The following sections list the content models currently available in the DAMS, together with the file types the DAMS supports for each content model. With the exception of the Binary content model, the DAMS will be able to create derivatives for the supported file types and provides appropriate viewers within the DAMS user interface.

AUDIO Content model

The following list contains the allowed file extensions that are accepted during a manual ingest of audio files into the DAMS. The file extension can be indicative of a coding format (e.g. MP3) and/or a container format (e.g. MP4). Irrespective of the container format used, audio data can be encoded in different ways, using different coding formats/encoders/codecs and encoder settings. Mozilla provides a good introduction to commonly used media container formats and encoders/decoders: https://developer.mozilla.org/en-US/docs/Web/Media/Formats/Containers.
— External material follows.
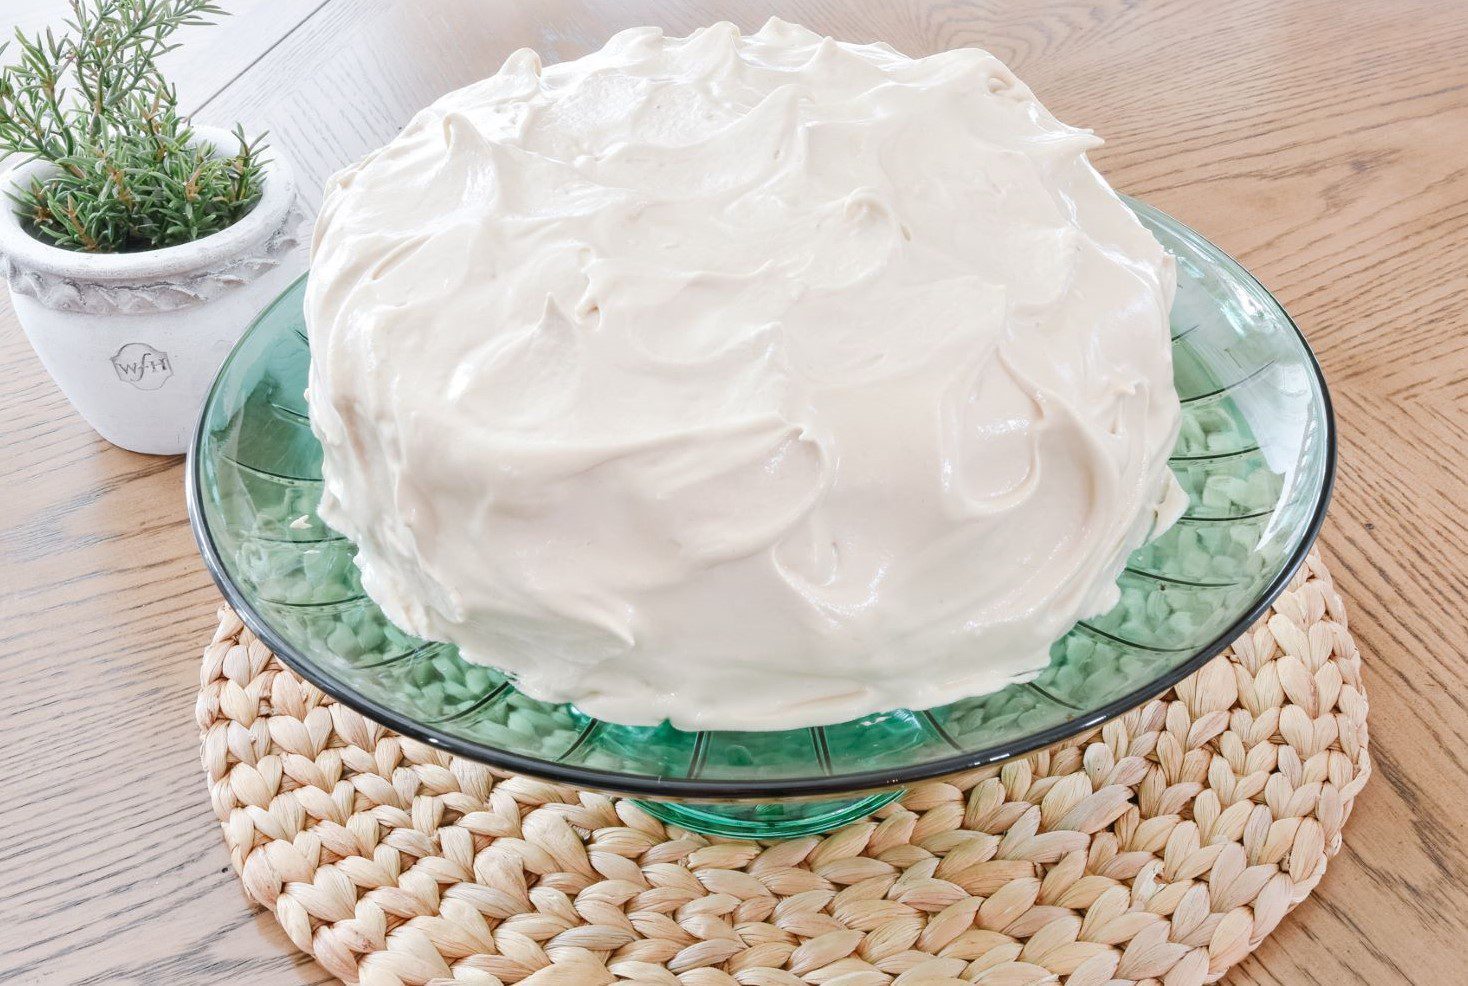 Nan’s Double Boiled Icing: A Timeless Classic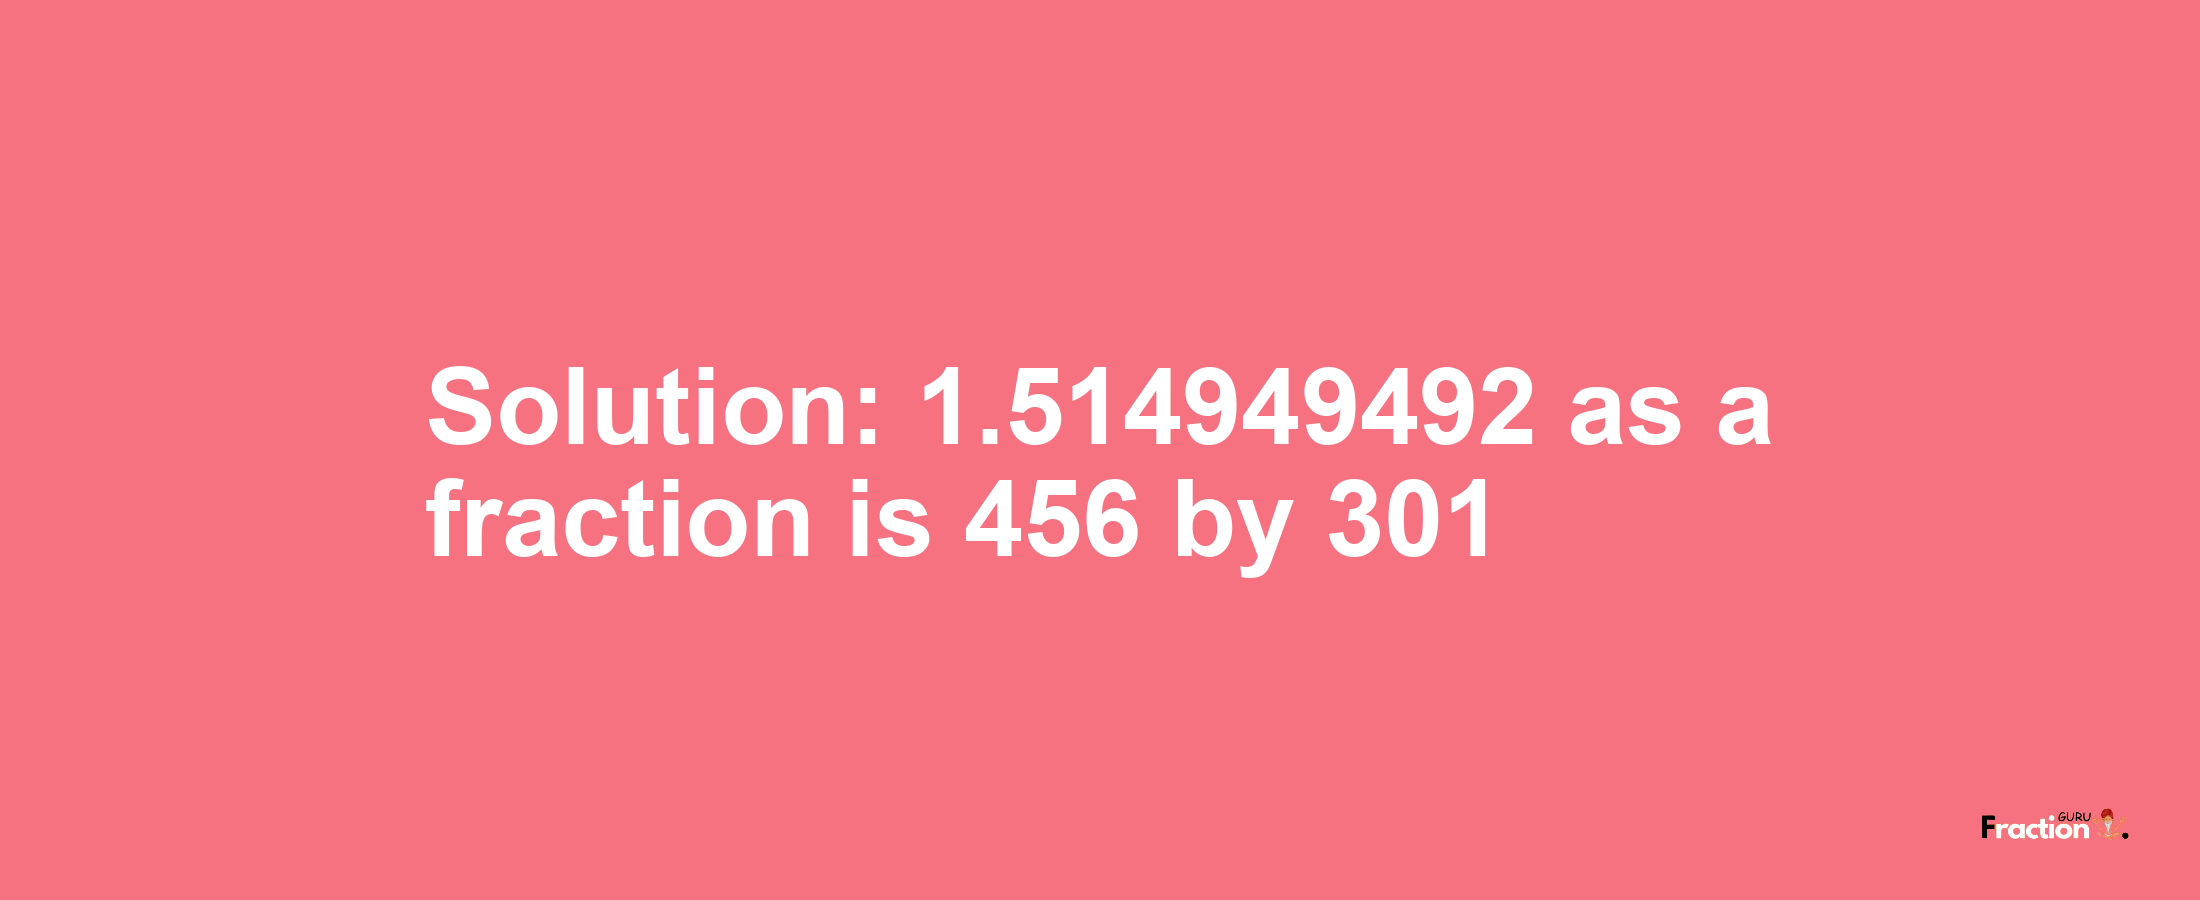 Solution:1.514949492 as a fraction is 456/301

Because of the large number of coding formats for digital audio, it is highly recommended to consult with Digitization Services before you ingest audio files. It might be recommendable to transcode audio files to increase compatibility.

AUDIO TRANSCRIPT REQUIRED

Audio content that is intended for publication MUST be accompanied by a textual representation (transcript).

Audio content published to the Collections Portal MUST meet web accessibility guidelines at the time of publication, as mandated by UT policy, state and federal law. Not complying with accessibility requirements can create a significant legal risk for UT Libraries. See https://www.w3.org/WAI/media/av/transcripts/ for information about audio transcripts as a means to meet web accessibility standards. See A/V Media: Create Captions and Transcripts for a guide to creating audio transcripts.

In the UTL DAMS, transcripts MUST be plain text and will be stored in a datastream labelled TRANSCRIPT. If the audio content intended for publishing does not contain language, an empty transcript might be required.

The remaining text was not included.